Keywords: Profitability, Performance indicators, Descriptive Statistical Analysis, Regression Analysis, Share price
Banking sector can be considered as the “lifeblood” of a country’s economy, in collecting deposits and providing credits to states and people, households and businesses. As the most important financial intermediaries, commercial banks provide transactional, savings, and money market accounts and that accept time deposits. Commercial banking plays a vital role in economy by mobilizing savings from various sectors. Furthermore, Hatton National bank and Seylan Bank can be identified as premier private sector commercial banks operating in Sri Lanka with many branches spread across the island. Those banks are internationally recognized for their eminent service toward the Sri Lankan public. Within the last two decades those two banks have witnessed some profound changes, as enhancements in technology, creating more employment opportunities, globalization threats which make them to remain profitable in this competitive environment. Those subtle changes in environment have a significant impact on their performance. Therefore, the determinants of bank performance became a major concern for researchers in recent past.

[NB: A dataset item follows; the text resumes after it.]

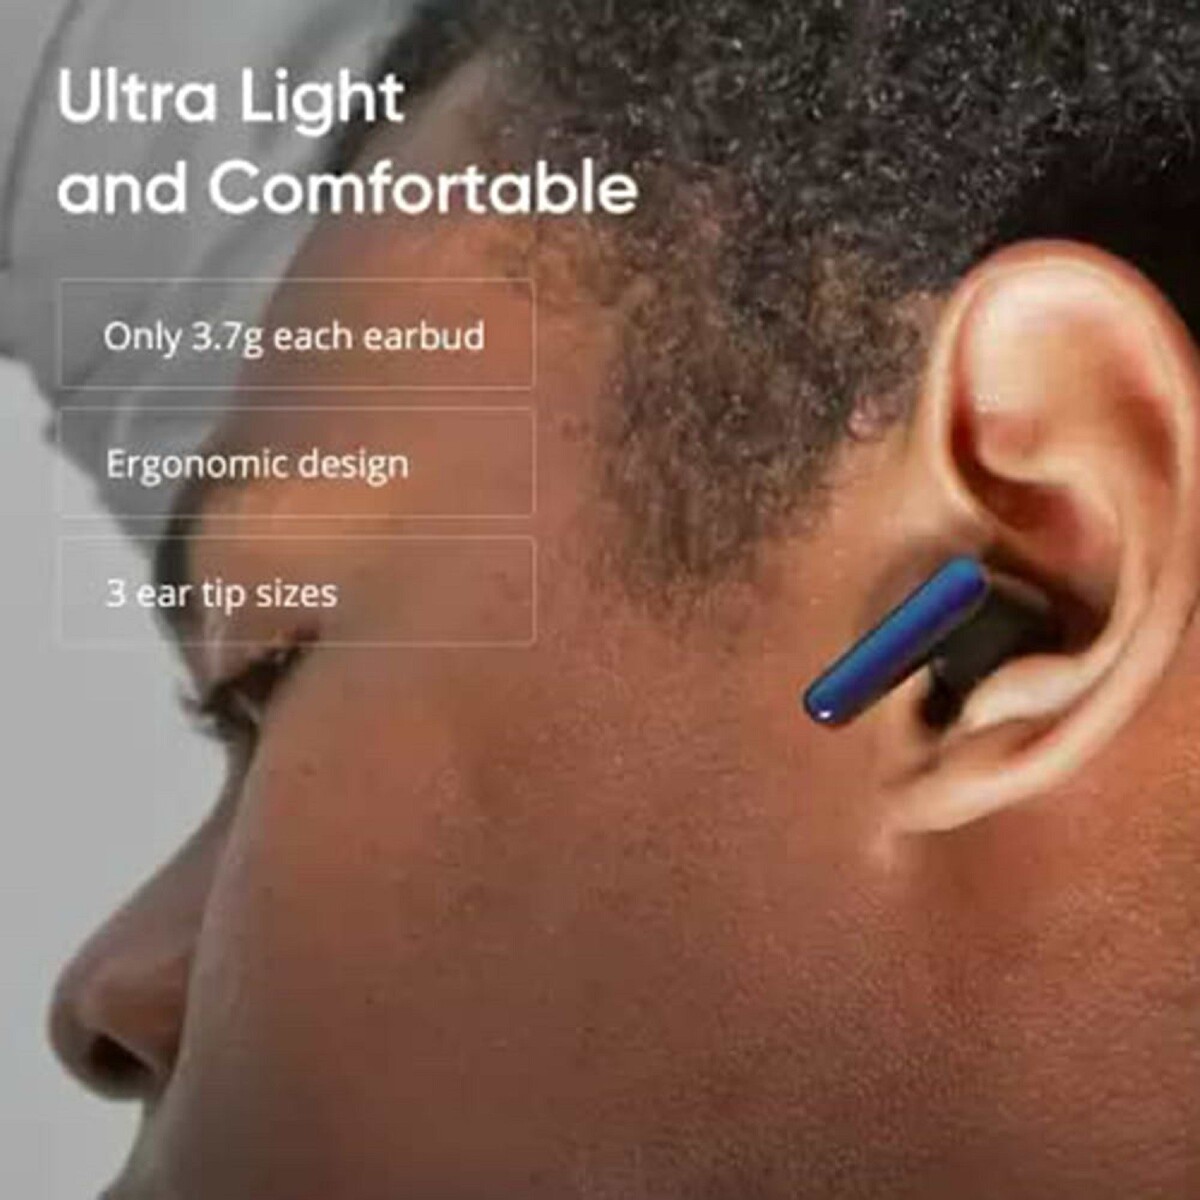 DIZO by realme TechLife Buds Z Bluetooth Headset DA2117 Onyx Black, True Wireless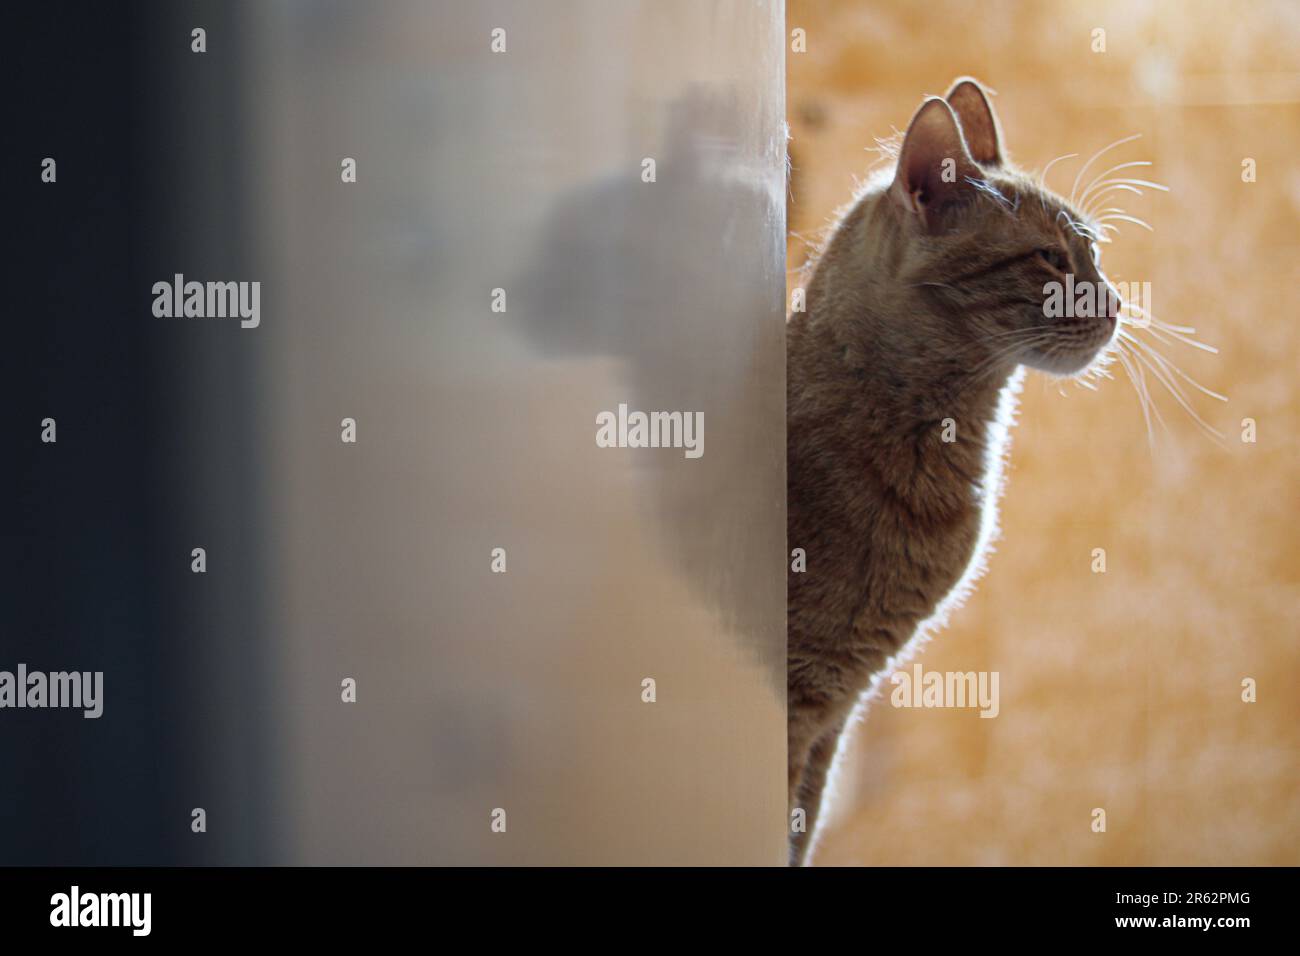 Un gatto peering intorno all'angolo di un muro, guardando curioso e allerta Foto Stock

When the performance is better, investors tend to invest more on the bank by purchasing its shares. If a particular bank has a better share price performance, the investors are craving to purchase more shares as they want to gain maximum return on their savings. Whenever any bank needs to raise funds, they float their shares into the stock market and issue their shares through a system called initial public offering. Thus, factors affecting bank stock prices has been an issue of concern for the researches in the past.
Most of the studies suggest that these stock prices are affected by macroeconomic variables of the economy and the bank internal factors. Macroeconomic variables can be considered as Gross Domestic Product, Foreign Direct Investment, Inflation, Remittances, Interest rate, Money supply, exchange rate and many others. Earning per Share and Dividend per Share can be categorized as the most important bank specific factors which influence the stock prices.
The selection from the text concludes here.